Top-level command arguments for the Dynamo Mocker workload.

Test Definition#

class cloudai.workloads.dynamo_mocker.dynamo_mocker.DynamoMockerTestDefinition( *, name: str, description: str, test_template_name: str, cmd_args: DynamoMockerCmdArgs, extra_env_vars: dict[str, str | List[str]] = {}, extra_cmd_args: dict[str, str] = {}, extra_container_mounts: list[str] = [], git_repos: list[GitRepo] = [], nsys: NsysConfiguration | None = None, predictor: PredictorConfig | None = None, agent: str = 'grid_search', agent_steps: int = 1, agent_metrics: list[str] = ['default'], agent_reward_function: str = 'inverse', agent_config: dict[str, Any] | None = None, success_marker: str = 'success-marker.txt', failure_marker: str = 'failure-marker.txt', )[source]#

Bases: TestDefinition

Test definition for the Dynamo Mocker workload.

Runs dynamo.mocker + dynamo.frontend as a lightweight GPU-free LLM inference simulator, then benchmarks it with genai-perf or aiperf via dynamo_mocker.sh.
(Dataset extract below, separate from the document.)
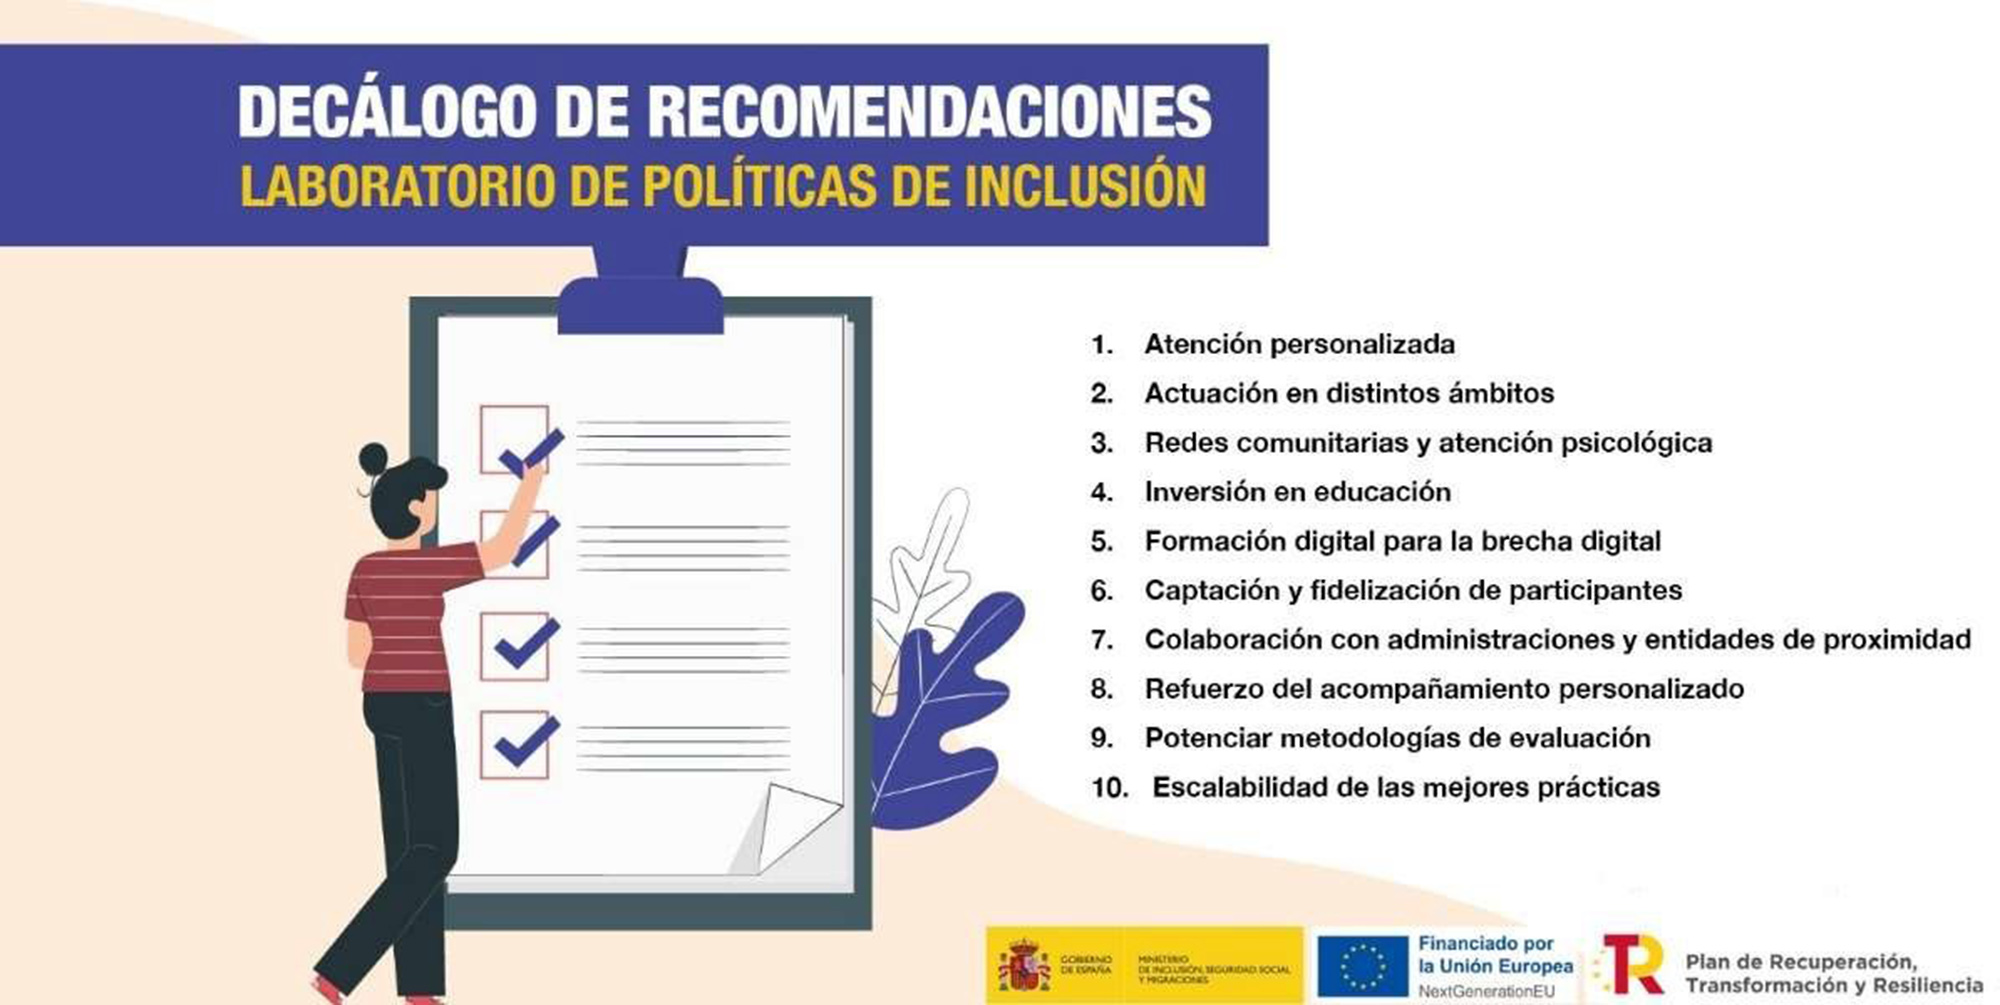 Decálogo de recomendaciones del Laboratorio de Políticas de Inclusión

Select the benchmark tool with cmd_args.benchmark_tool (“genai_perf” or “aiperf”).

Supports two topologies mirroring ai_dynamo.sh:

Combined (worker.disaggregation_mode=none): single mocker handles prefill+decode
Disaggregated (worker.disaggregation_mode=prefill_decode): separate prefill and decode mocker instances with KV event publishing and simulated transfer

Requires: ai-dynamo and genai-perf or aiperf pip-installed in the active environment.